“It is widely understood by voters in the UK – and judging from polling, by a majority of people around the world – that the next few years offer a final opportunity to prevent climate-linked destruction on an unimaginable scale. Under Boris Johnson, Conservative environment policies were nowhere near ambitious enough. But under Ms Truss, they are already far worse…”
The latest schism to open up in Liz Truss’s cabinet is less surprising than it might have been, had divisions over tax and welfare policies not already emerged. But the decision by the business secretary, Jacob Rees-Mogg, to oppose her publicly over solar energy plans is still a dramatic one that leaves her looking even weaker and more exposed. Having previously stressed his support for fracking, and oil and gas drilling in the North Sea, Mr Rees-Mogg used an article in the Guardian to deny that he opposes green energy. While Ms Truss wants to restrict new solar installations on farmland, Mr Rees-Mogg’s deregulatory fervour extends beyond fossil fuels to renewables as well.

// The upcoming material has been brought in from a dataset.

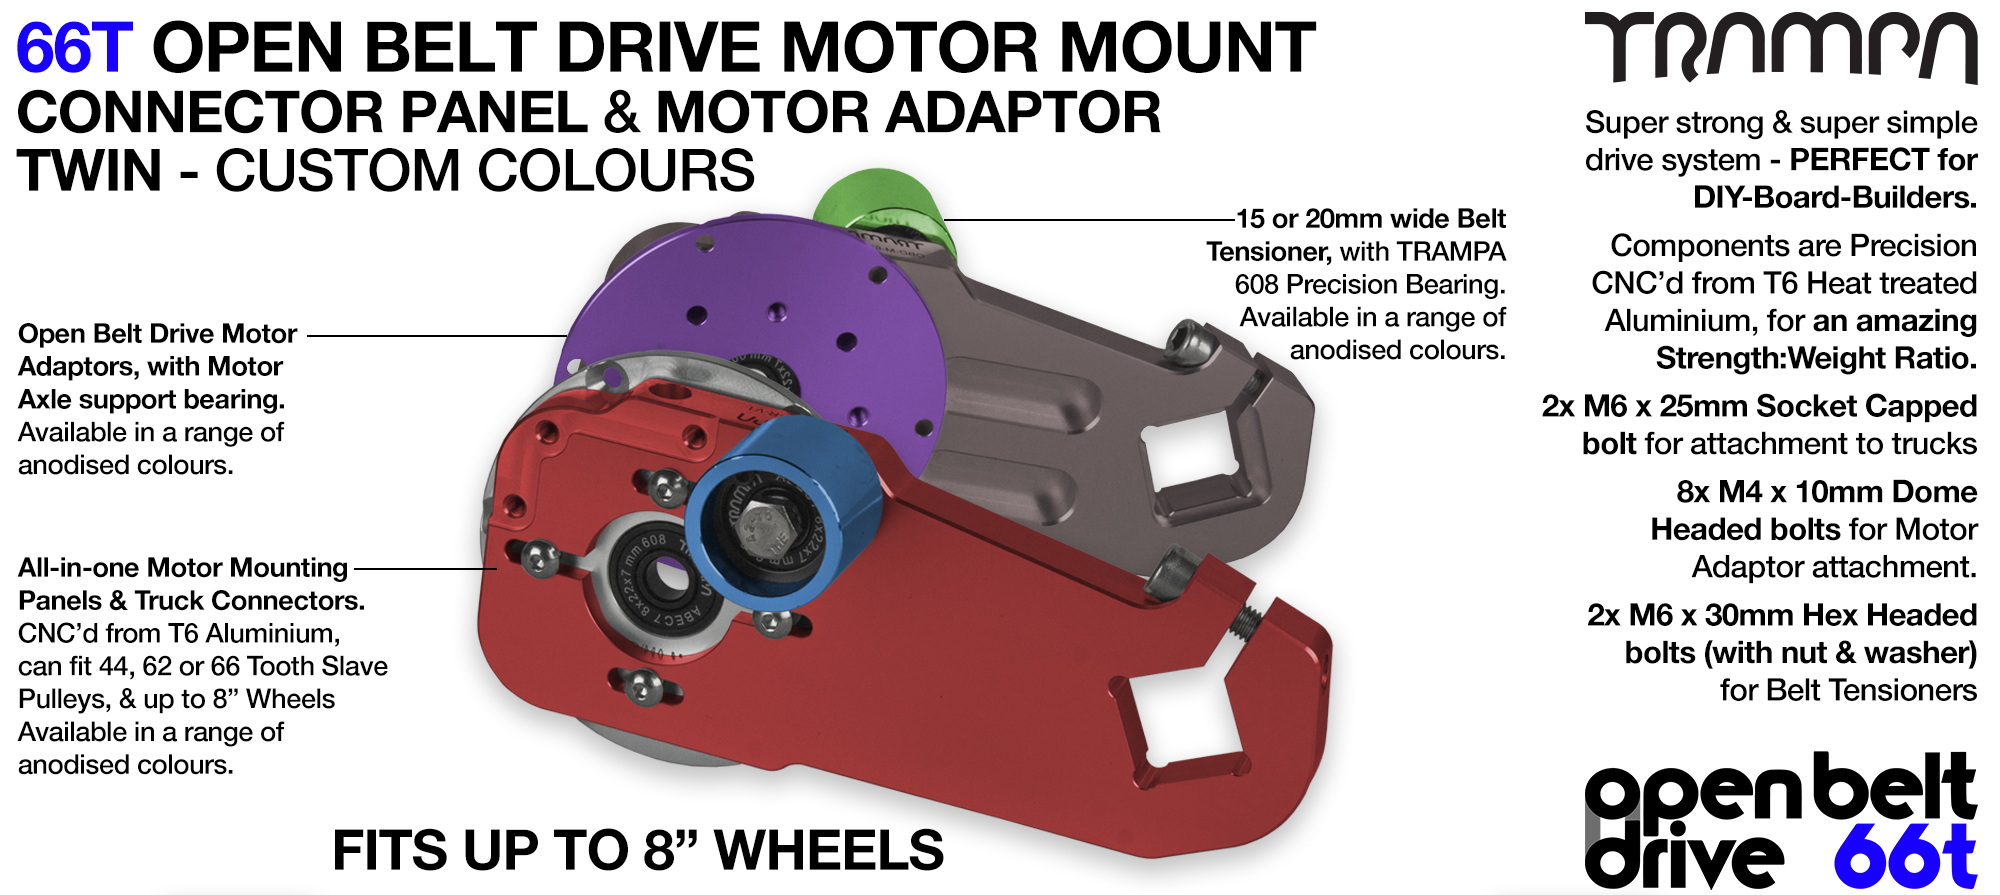 66T OPEN BELT DRIVE Motor Mount & Motor Adaptor - TWIN

Ms Truss’s anti-solar scheme is so ill-judged that all voices raised against it are welcome. But Mr Rees-Mogg’s enthusiasm for new oil and gas means that he must never be mistaken for a friend to green causes. He is right to point out that carbon-intensive imports are just as damaging to the atmosphere as UK-based industries. But while his backing for solar and wind may make him a more consistent free-marketeer than the prime minister – who is against red tape except when it blocks something she dislikes – the risks to the environment from all those like him who champion growth at the expense of nature remain huge.
Renewed enthusiasm for fossil fuel projects is one aspect of this government’s reactionary and dangerous agenda. Two more are the promises to scrap hundreds of environmental regulations governing areas such as water quality (already shockingly poor), and to remove wildlife protections from new low-tax investment zones. The decision to review a post-Brexit farming payments scheme that took six years to set up – and which has already led to enhanced protection for wildlife in pilot areas – offers further proof of the government’s disdain for all things green.
Ms Truss made this explicit when she targeted climate campaigners as part of an “anti-growth coalition”. So far, she shows no sign of paying attention to warnings from senior figures including William Hague that she is on the wrong track. But concern about the government’s new direction is spreading. Ministers are at odds not only with environmental campaign groups such as Greenpeace, but also with mass-membership charities beloved of many Tory voters, including the National Trust and the Royal Society for the Protection of Birds. Paul Miner, from the countryside charity CPRE, described the reversals on fracking and other issues as “a litany of betrayal and broken promises”.
Precisely how the anger prompted by these anti-green policies will manifest itself remains to be seen. Already, charities have called on members to contact MPs, and they will be emboldened by a speech from the Charity Commission’s chair, Orlando Fraser, affirming their right to engage in political activity. With another crunch UN climate conference fast approaching, and a new report from scientists pointing to a further decline in animal populations, conservation groups and their supporters are right to be alarmed.
It is widely understood by voters in the UK – and judging from polling, by a majority of people around the world – that the next few years offer a final opportunity to prevent climate-linked destruction on an unimaginable scale. Under Boris Johnson, Conservative environment policies were nowhere near ambitious enough. But under Ms Truss, they are already far worse. Her hang-the-consequences short-termism would never have won a general election. The Greenpeace activists who interrupted her conference speech were right that voters do not support the policies she has embraced. They and other groups should take heart from the support they have already received. Ministers may not care about the damage that they are causing, but the public does.